◆ **PROBLEM**: Write out the listing verbatim. No pictures belong in it.

◆ **GIVEN DATA**:

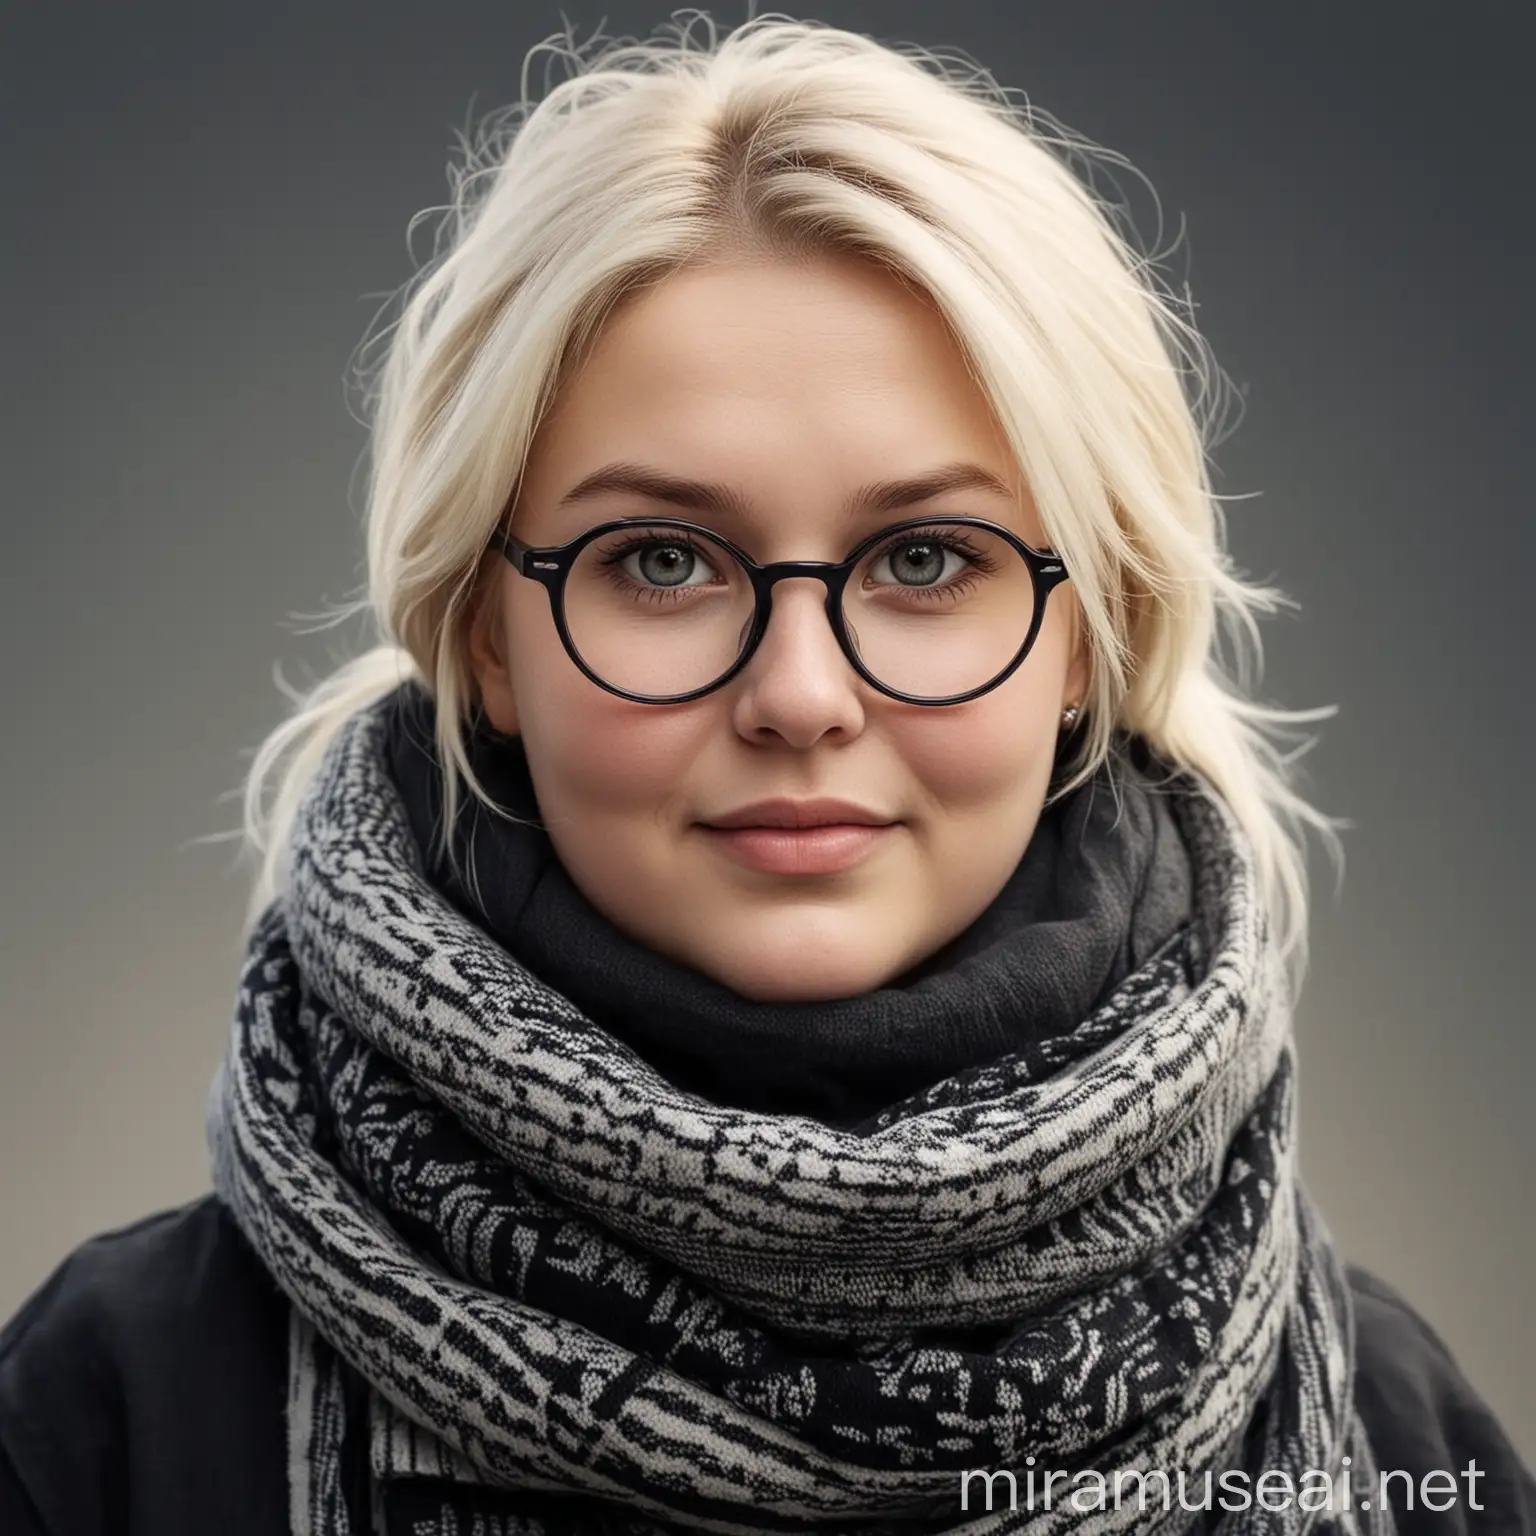 Charming Chubby Woman with Stylish Glasses and Cozy Scarf
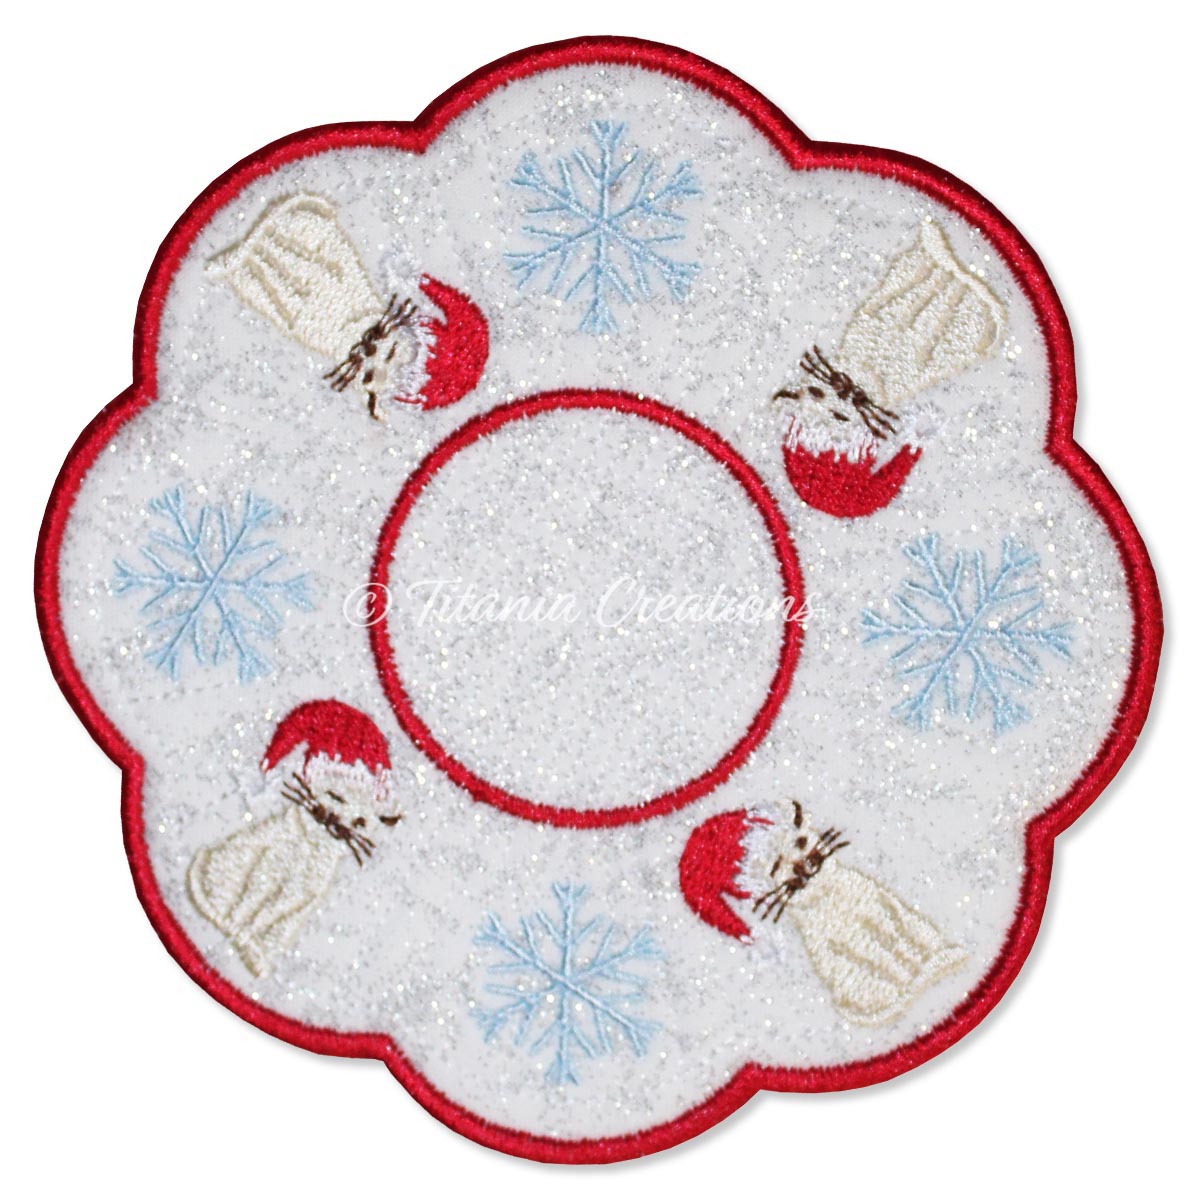 ITH Christmas Cat Candle Mat 5x5 6x6 7x7 8x8
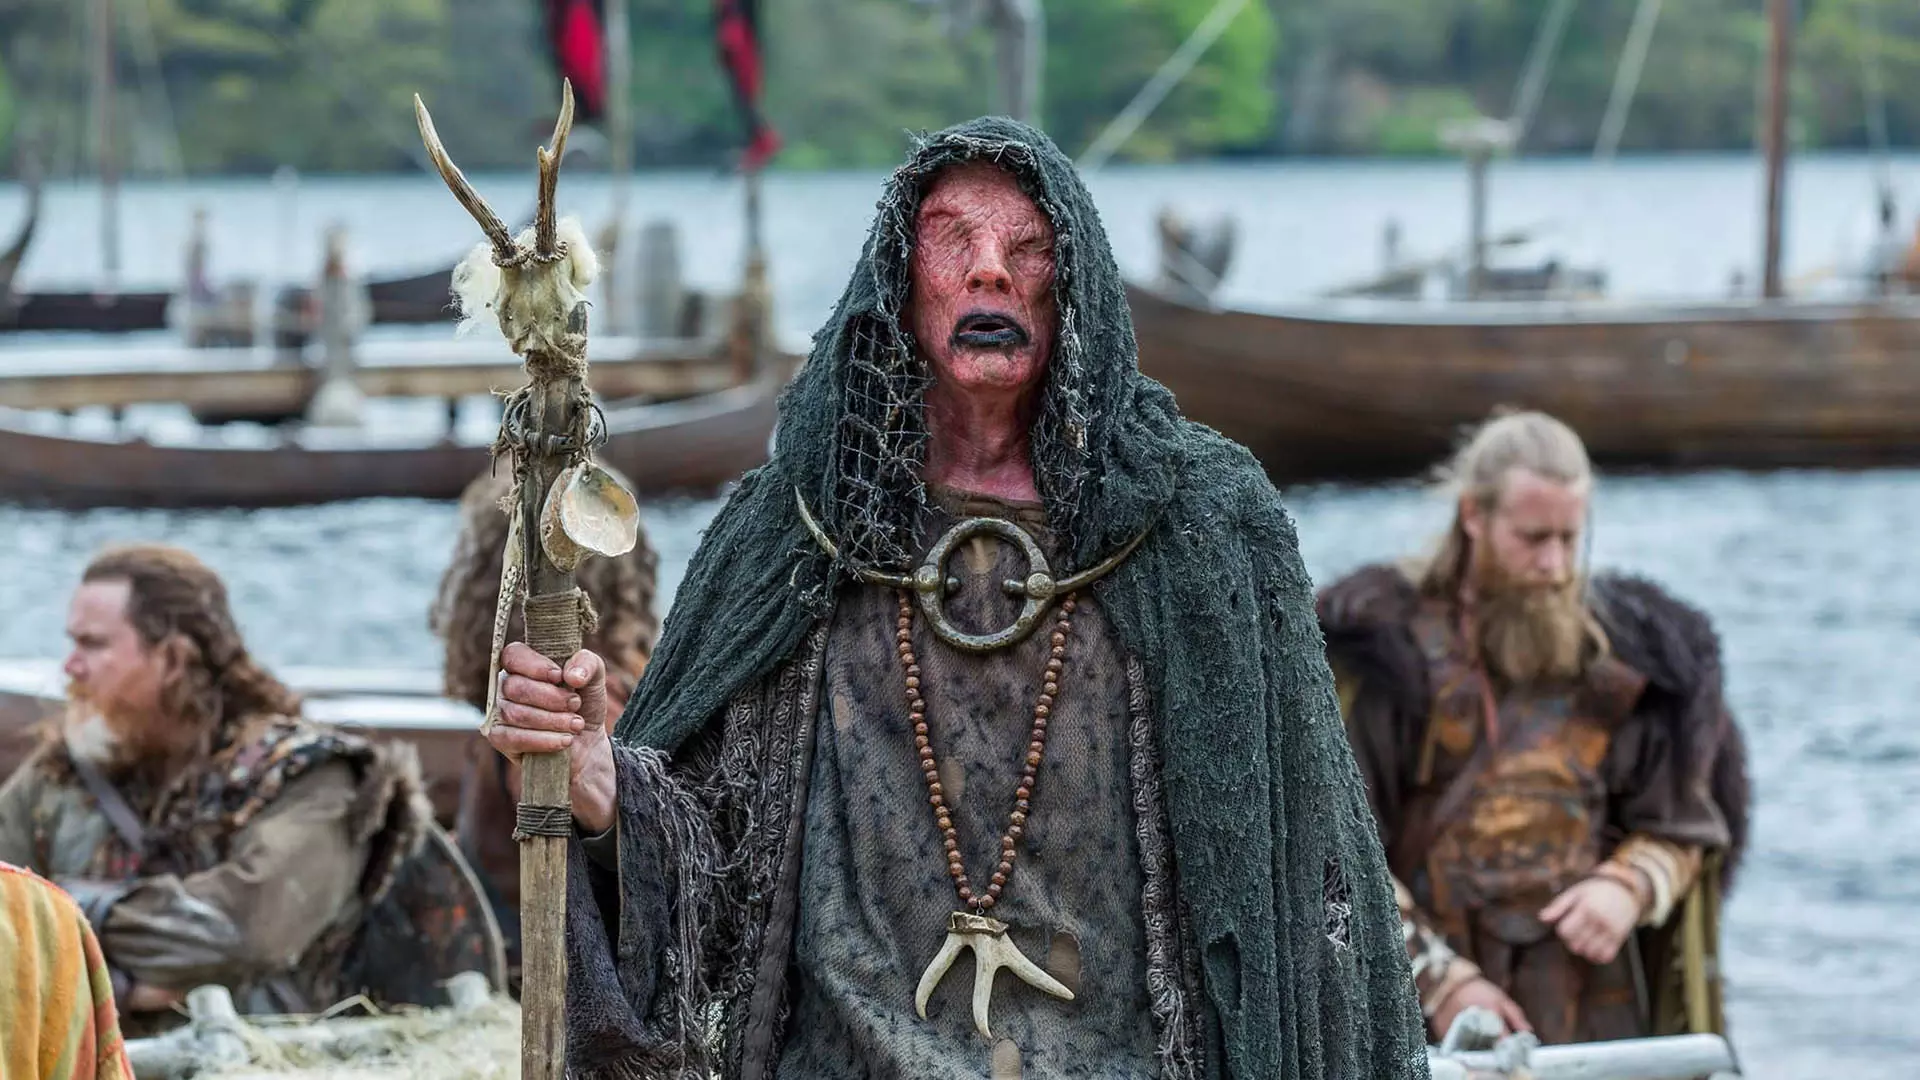 Garlic character or the same fortune teller in the vikings series

◆ **RESPONSE BELOW**:
 Charming Chubby Woman with Stylish Glasses and Cozy Scarf
 ITH Christmas Cat Candle Mat 5x5 6x6 7x7 8x8
 Garlic character or the same fortune teller in the vikings series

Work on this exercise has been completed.